Hebamme gesichert

    • (1) 06.06.18 - 11:54

      So,

      Nachdem mir eine ganz liebe Mama aus dem Elternbeirat in dem wir bzgl unserer großen Kinder gemeinsam aktiv sind, aufgrund eigenem Geburtstrauma dies empfohlen hat. Hab ich seit heute eine Schwangerschaftsbegleitende und Nachsorgehebamme. 1. Termin ist am 11.7. Und ich werd mir über meine Gynäkologin einfach ein Rezept/eine Überweisung ausstellen lassen die eine intensive Betreuung für mich bis zur Geburt parallel zu ihrer Vorsorge gewährleistet.

      Einerseits will ich wirklich nen WKS weil ich panische Angst vor den schmerzen danach habe. Vor der Geburt hab ich gar keine. Und vor allem vor einer etwaigen erneuten Saugglocke. Andererseits weiß ich das natürlich nix besser sein kann fürs Kind als eine natürliche Geburt und egal welche Einschränkungen man im intimbereich danach hat... man kann sich irgendwie von Anfang an um das Baby kümmern. Mir ist bewusst das ein WKS bedeutet das ein Bindung erst verzögert stattfinden wird... ich die ersten Wochen nicht schwer heben darf und mein Sohn mich nicht am selben Tag besuchen dürfte da es für ihn Folter wäre, seine Mama zu sehen aber nicht mit ihr kuscheln zu können.

      Ich hoffe die Hebamme kann mir bis Januar helfen das alte hinter mit zu lassen denn eine natürliche Geburt kommt für mich ausschließlich in frage wenn meine Angst bis dahin wegtherapiert würde. Angst + Geburt = Zwangskatastrophe!

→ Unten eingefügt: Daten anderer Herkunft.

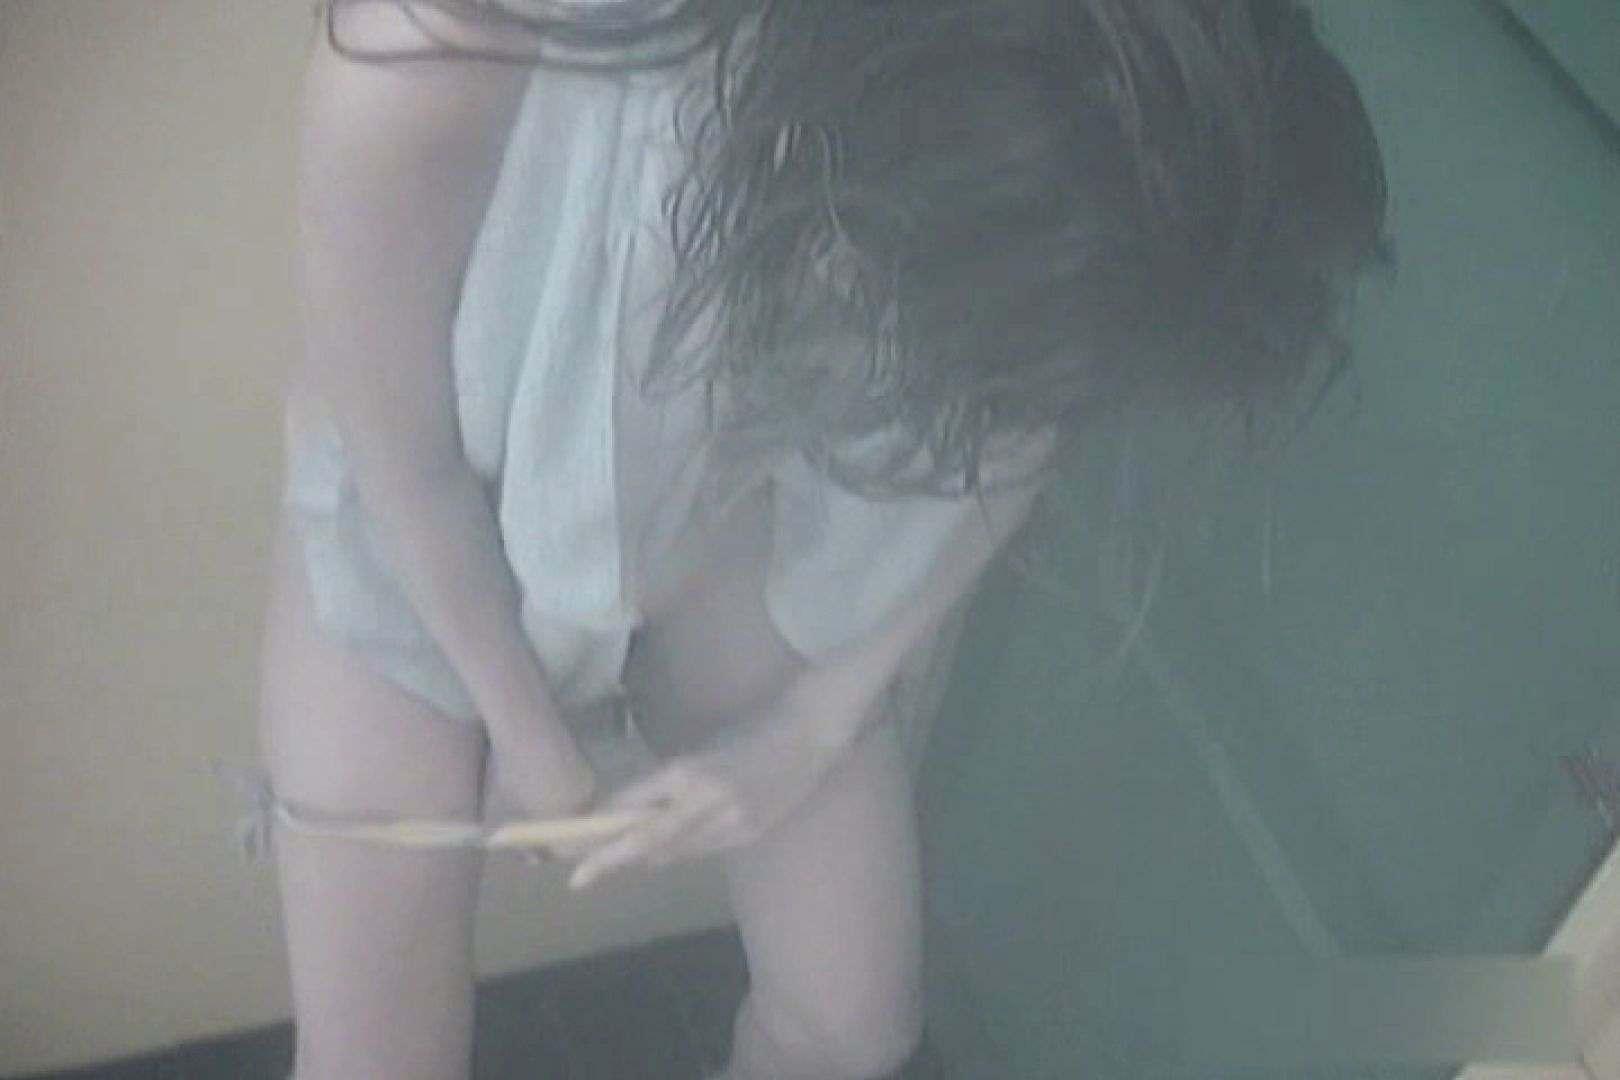 夏海シャワー室!ベトベトお肌をサラサラに!VOL.07 シャワー室 | 着替え  76PIX 1
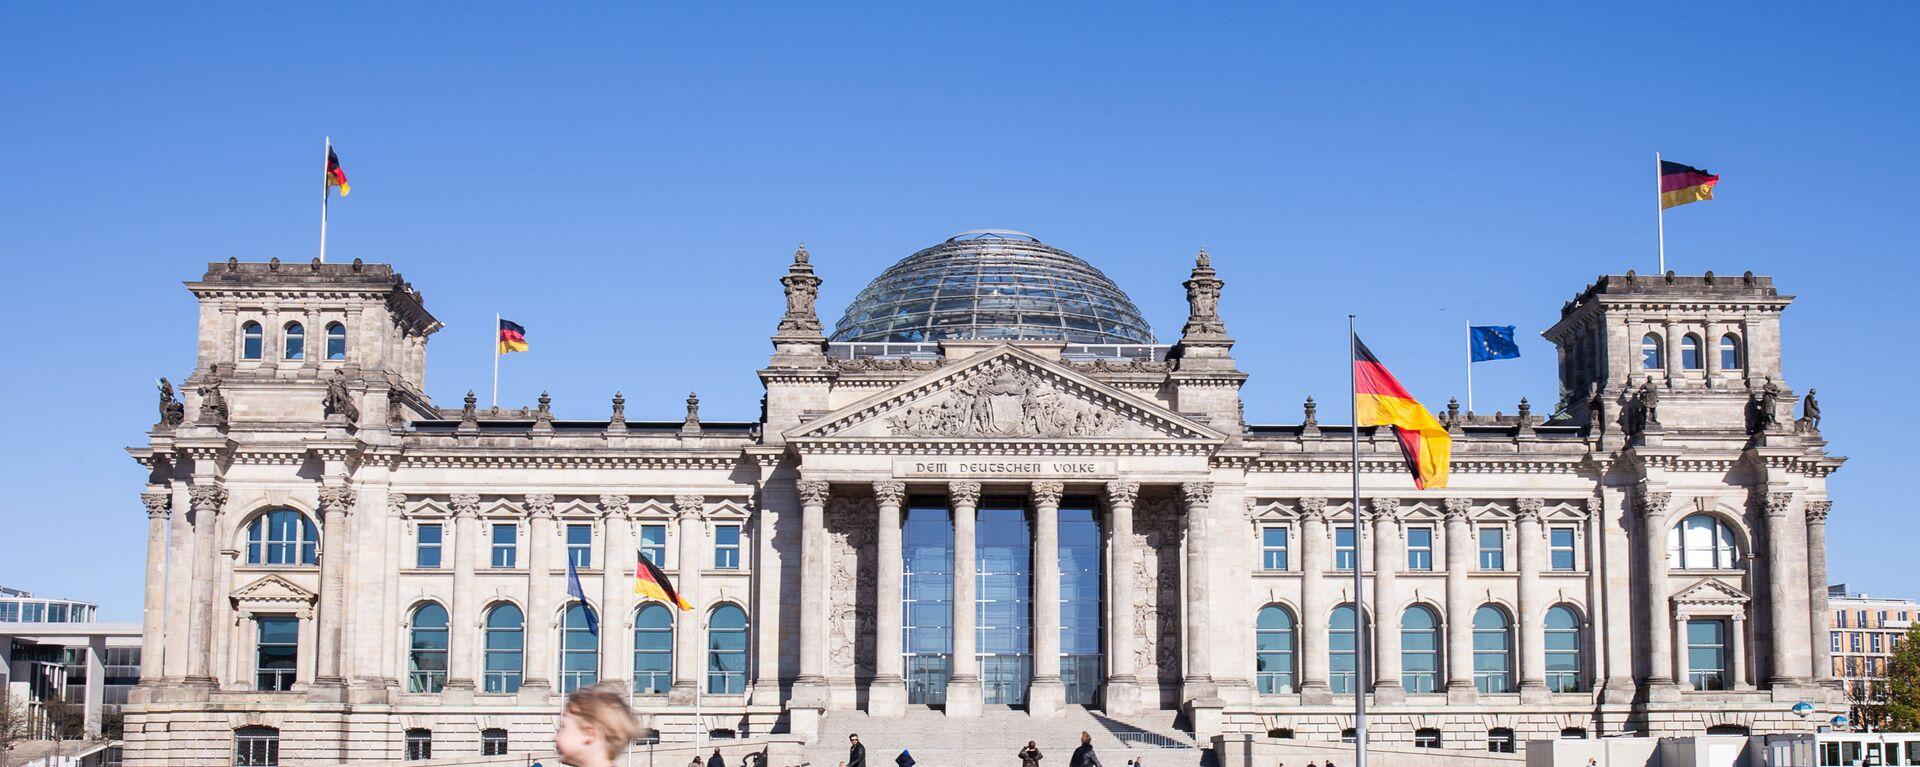 Историческое здание Рейхстага в центре Берлина - Sputnik Таджикистан, 1920, 13.04.2021

      LG Küken mit Kuba und Baucherbse 6-7+ irgendwas.

      • Toll das du noch eine Hebamme gefunden hast!
        Bei mir ist es bezüglich der Geburt genau anders herum,ich hab zweimal spontan entbunden und bin schwanger mit dem dritten Kind.
        Die Schwangerschaft war leider von Anfang an sehr schwierig und es gab Komplikationen,ich muss in 6 Wochen zum Geburtsplanungsgespräch in's KH und hab richtig Angst das mir evtl.noch ein Kaiserschnitt droht.

        Ich wünsche dir noch eine schöne und entspannte Schwangerschaft,das du mit deiner Hebamme die beste Lösung für dich/euch bezüglich der Geburt findest.

        LG

        Die Bindung entsteht nicht (nur) durch eine natürliche Geburt, sondern das intensive Kümmern in der Zeit danach macht es aus 👍👍.
        Woher hast du den Schmarrn, dass die Bindung nach einer Sectio erschwert ist 🤔🙄?
        Man darf nach einem KS heben und tragen, als Mehrfachmama hat man keine andere Wahl! Und auch ein Kleinkind kann einem am Tag danach besuchen.....alles schon durch 😜

        Ich habe auch eine Hebi für Vor- und Nachsorge gefunden 👍. Hatte 20 angeschrieben, davon haben nur 2 geantwortet (eine hat zugesagt, eine ab). Von 18 Damen kam KEIN Ton 🙄.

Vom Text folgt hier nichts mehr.